BACKGROUND OF THE INVENTION 1. Field of the Invention The present invention relates to a rotor for a vehicle alternator mounted on a passenger car, a truck or the like.

[0002]

2. Description of the Related Art In recent years, in order to increase the electric load of a vehicle safety control device and the like, increase the volume of a vehicle interior such as a recreational vehicle, and improve the cooling capacity of the vehicle interior due to an increase in the window area. Due to the increase in the electric load of blowers and the like, the need for increasing the output of vehicle alternators has been increasing.

[0003] Generally, an automotive alternator includes a magnetic circuit comprising a rotor composed of a field coil, a rundle-type iron core (hereinafter simply referred to as an "iron core"), and a stator located on the outer periphery thereof. Unit is configured. In order to increase the output of a vehicle alternator, a method of increasing the number of turns of a field coil to increase the magnetomotive force (ampere turn) of a rotor is generally used. In some cases, the outermost diameter of the concentrically wound field coil is set to be larger than the root diameter of the claw-shaped magnetic pole portion of the iron core.

On the other hand, when a current flows through the field coil, the field coil itself heats up due to Joule heat. Therefore, it is necessary to secure the magnetomotive force by cooling the field coil to suppress an increase in electric resistance. . To cool this field coil, as shown in Japanese Patent Publication No. 59-42546,
It is known that a cooling fan having a diagonal flow blade inclined forward with respect to the rotation direction of a rotor is provided on an axial end face of an iron core to forcibly generate an axial flow. However, if the outermost diameter of the field coil is larger than the root diameter of the claw-shaped magnetic pole portion of the iron core as described above for higher output,
Since the ventilation path of the cooling air flowing through the surface of the field coil is narrowed, the amount of the cooling air is reduced. As a result, the electric resistance of the field coil increases, so the exciting current decreases, the magnetomotive force decreases,
There was a problem that the desired high output could not be achieved. In addition, when the claw pole base diameter is increased to increase the cooling air flow, it is necessary to simultaneously increase the dimensions of other parts so that the magnetic resistance does not increase in a part of the magnetic circuit.
It is difficult to reduce the size of the entire generator.
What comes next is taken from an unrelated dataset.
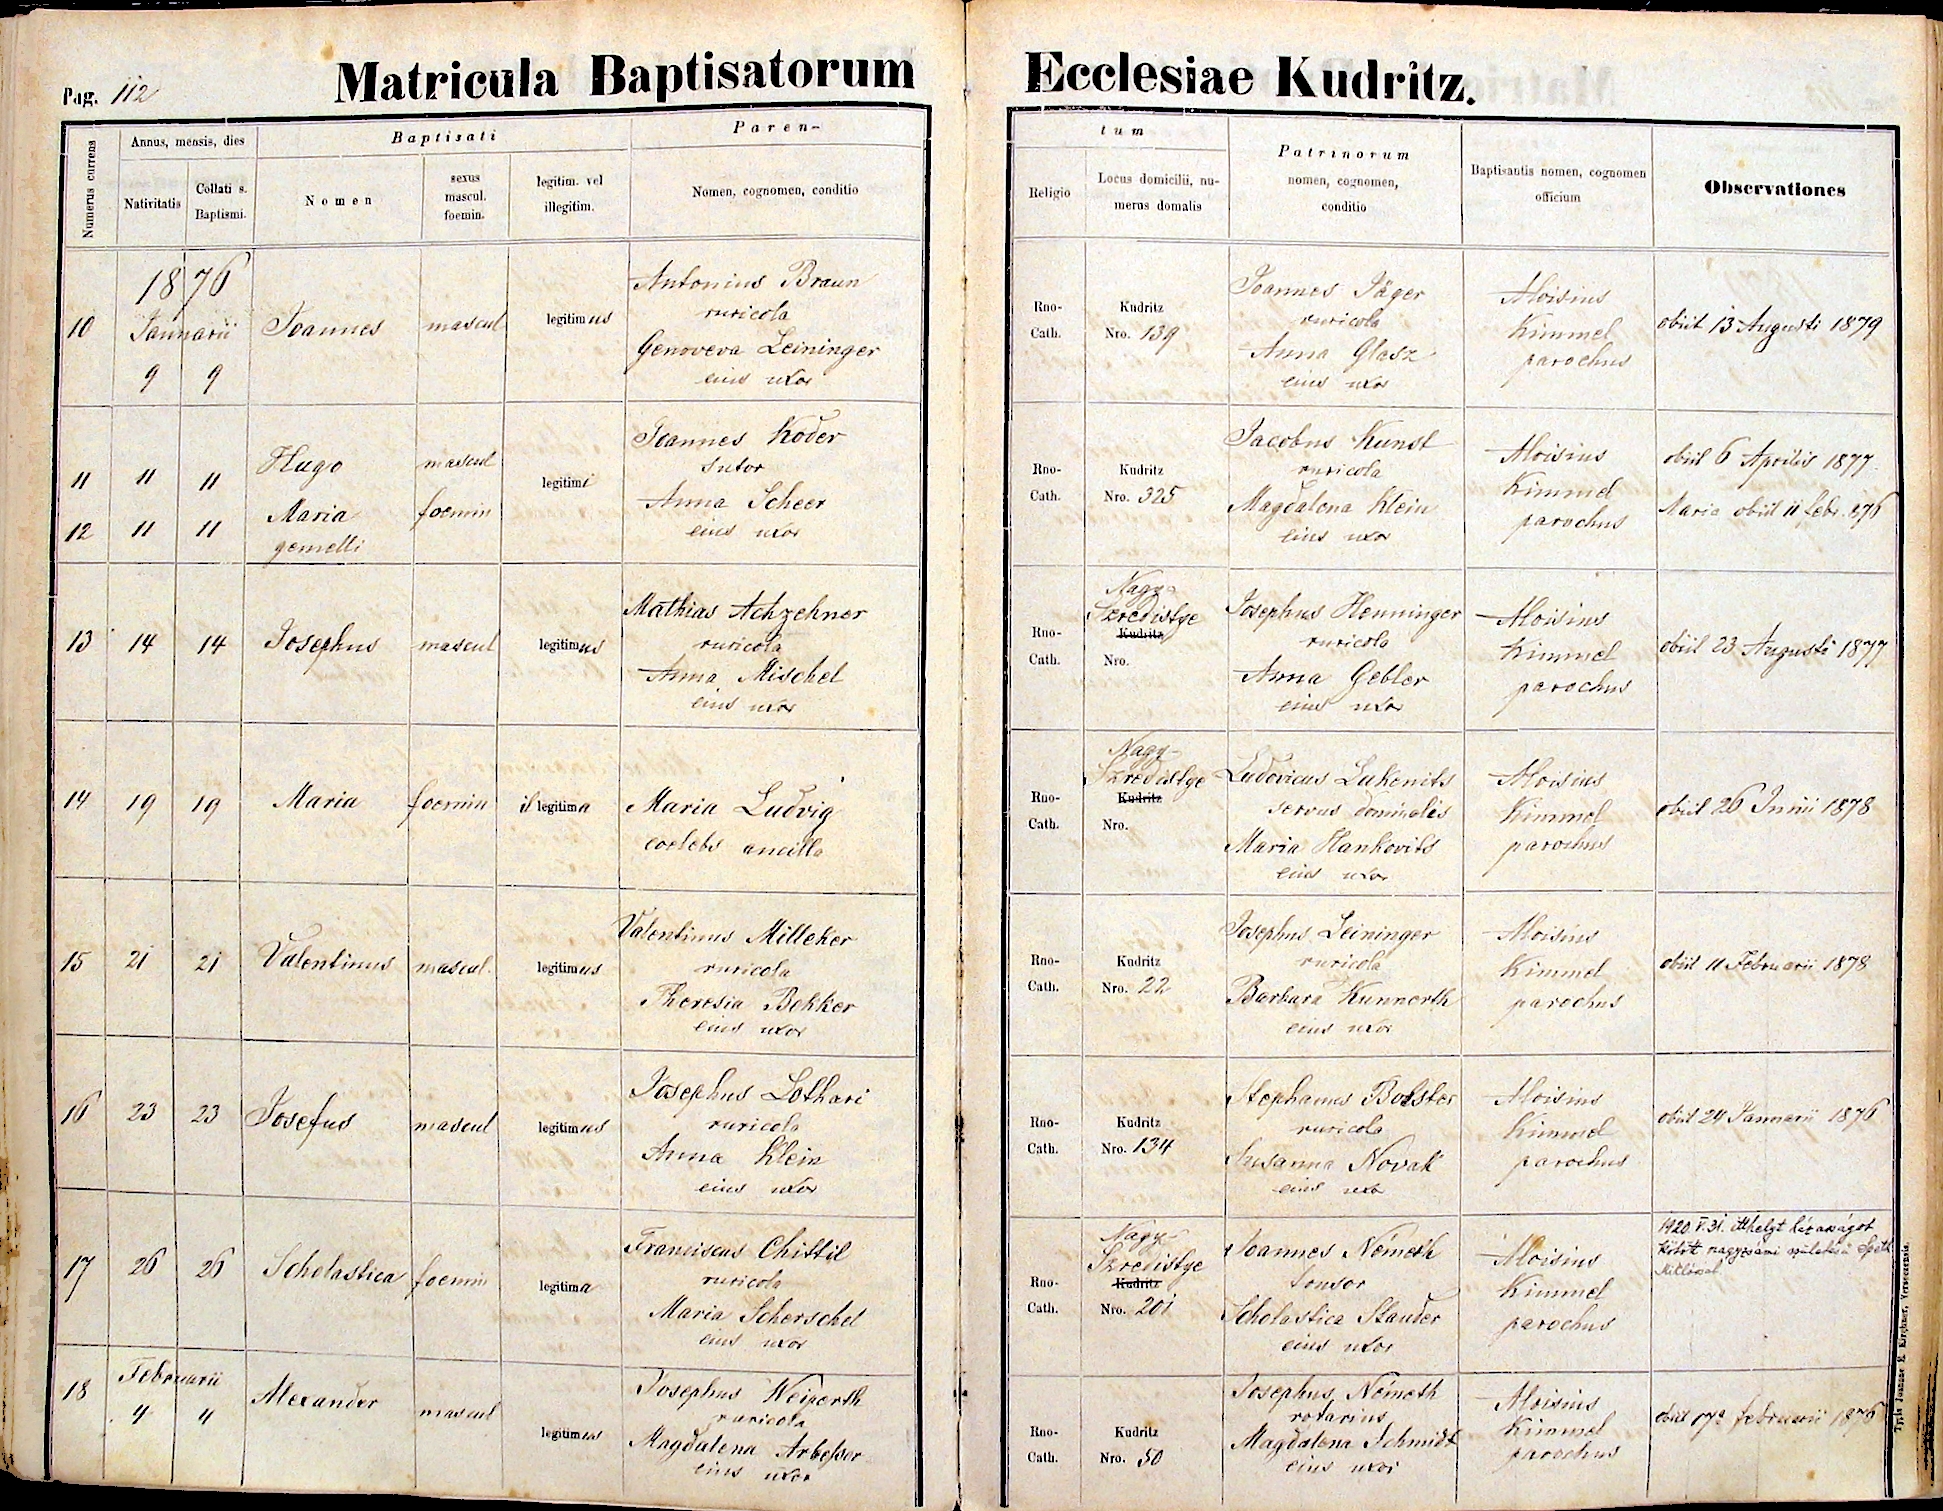 images/church_records/BIRTHS/1870-1879B/1876/112

According to the present invention, in a rotor in which the outermost diameter of the field coil is set to be larger than the base diameter of the claw-shaped magnetic pole portion of the iron core for high output, the field coil is cooled by a new iron core shape. It is an object of the present invention to provide a rotor of a vehicle alternator that achieves miniaturization and high output while ensuring performance.

[0006]

According to the first aspect of the present invention, a cylindrical portion having a field coil wound around the outer periphery thereof, and a substantially circular plate disposed at an axial end of the cylindrical portion. Shaped yoke,
A rundle-type core having a plurality of claw-shaped magnetic pole portions extending in an axial direction from an outer periphery of the yoke portion and surrounding the field coil, and a ventilation means to an outer peripheral surface of the field coil Wherein the outermost diameter of the field coil is set to be larger than the root diameter of the bent portion of the claw-shaped magnetic pole portion, the axial length A of the field coil And the ratio (A / B) of the width B in the circumferential direction of the base portion of the claw-shaped magnetic pole portion is 1 to 1.6. As a result, it is possible to reduce the temperature of the field coil and suppress the increase in the magnetic resistance of the yoke portion, and it is possible to increase the output without increasing the size of the rotor.

According to the invention described in claim 2, according to claim 1
In the above, the Landel-type core is disposed such that a pair of the claw-shaped magnetic pole portions are axially opposed to each other, and the claw tip of one of the claw-shaped magnetic pole portions is opposed to an inner wall surface of the yoke portion of the opposed Landel-type iron core. It is characterized in that it extends more in the axial direction. Thus, the cooling air taken in from one axial end of the outer periphery of the field coil flows while being guided to the other end of the outer periphery of the field coil, so that the cooling performance of the field coil can be improved.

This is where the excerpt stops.